Quantification and the existence of a function
I am trying hard to understand what exactly the axiom of choice (AC) is. I think much of the confusion comes from taking AC obvious not knowing what exactly ZF implies.
AC for nonempty indexed families $(B_x )_{x \in A}$ is represented by $$ \forall x \in A:B_x \neq \varnothing \Rightarrow \exists f \in A \to \cup_{x \in A}B_x:\forall x \in A: f(x) \in B_x $$ where $X \to Y$ denote the set of all functions from $X$ to $Y$.
For example, for sets $X$ and $Y$, and a predicate $P$, the statement $$ \forall x \in X: \exists y \in Y: P(x,y) \Rightarrow \exists f \in X \to Y: \forall x \in X: P(x,f(x)) $$ is a direct consequence of AC as we can define $B_x = \{y \in Y|P(x,y)\}$. My question is, does the statement really need AC in ZF?

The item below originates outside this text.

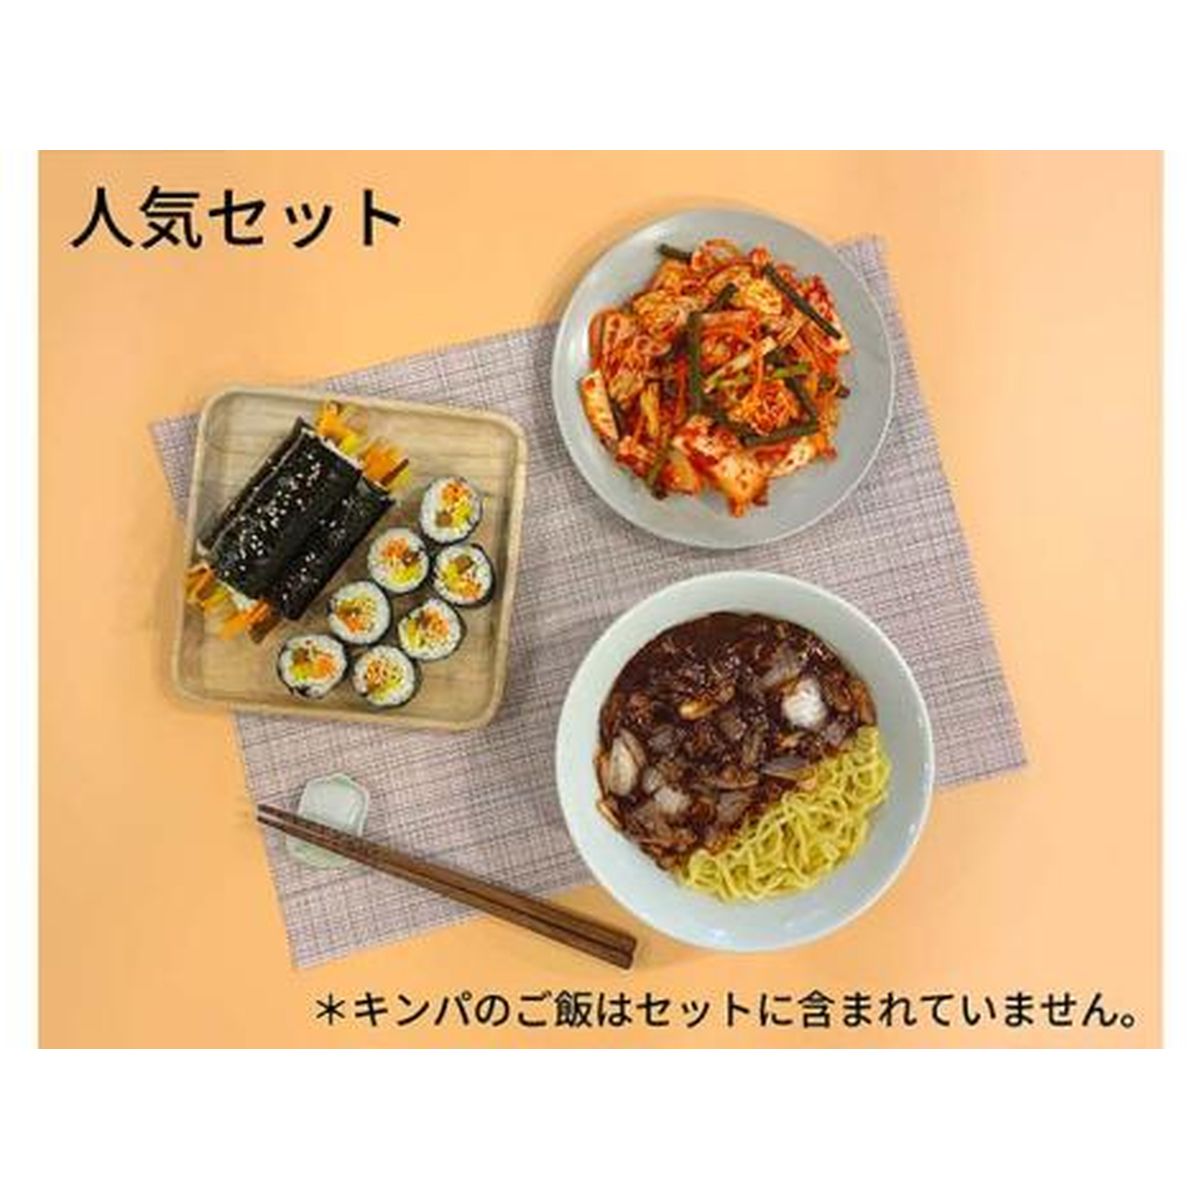 【送料無料】Cookeasy 「冷蔵ミールキット」人気セット(ジャージャー麺 浅漬けキムチ ちびっ子キンパ)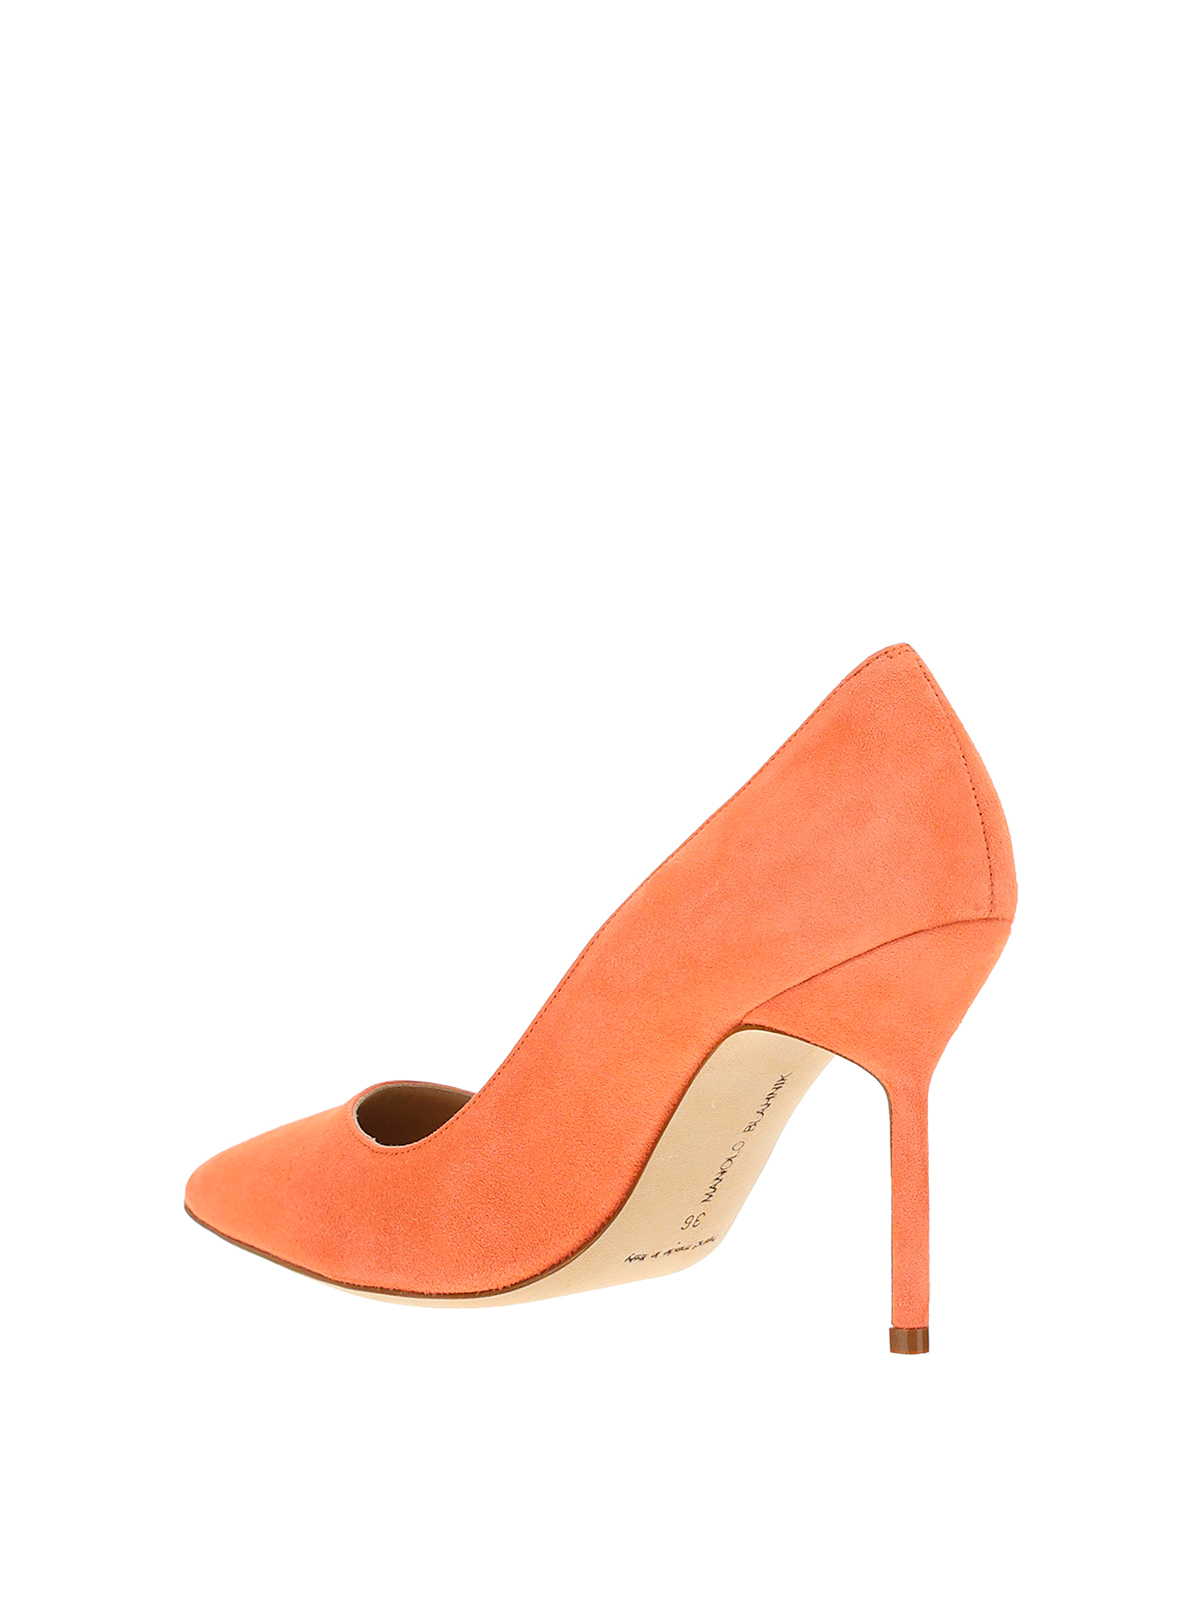 Zapatos de salón Manolo Blahnik - Zapatos Salón - Naranja Claro - 9XX04168709

Yes, AC is necessary for your statement because you can also prove AC from your statement in ZF:
To see this, assume your statement $$ \forall x \in X: \exists y \in Y: P(x,y) \Rightarrow \exists f \in X \to Y: \forall x \in X: P(x,f(x)) \quad \cdots (\star) $$
Next, assume the hypotheses of AC. That is, let $(B_x)_{x \in A}$ be an indexed family and suppose for all $x \in A$, we have $B_x \neq \varnothing$. So let $x \in A$. Since $B_x \neq \varnothing$ and $B_x \subseteq \bigcup_{x \in A} B_x$, the condition $\exists y \in \bigcup_{x \in A} B_x : y \in B_x$ is satisfied. Hence, by setting
- $X := A$
- $Y := \bigcup_{x \in A} B_x$
- $P(x, y) := y \in B_x$
In your statement $(\star)$, we get the conclusion that there exists some $f \in X \to Y$ i.e. $f \in A \to \bigcup_{x \in A} B_x$ such that for all $x \in X$ i.e. $x \in A$, we have $P(x, f(x))$ i.e. $f(x) \in B_x$.
This is exactly the conclusion you need for AC.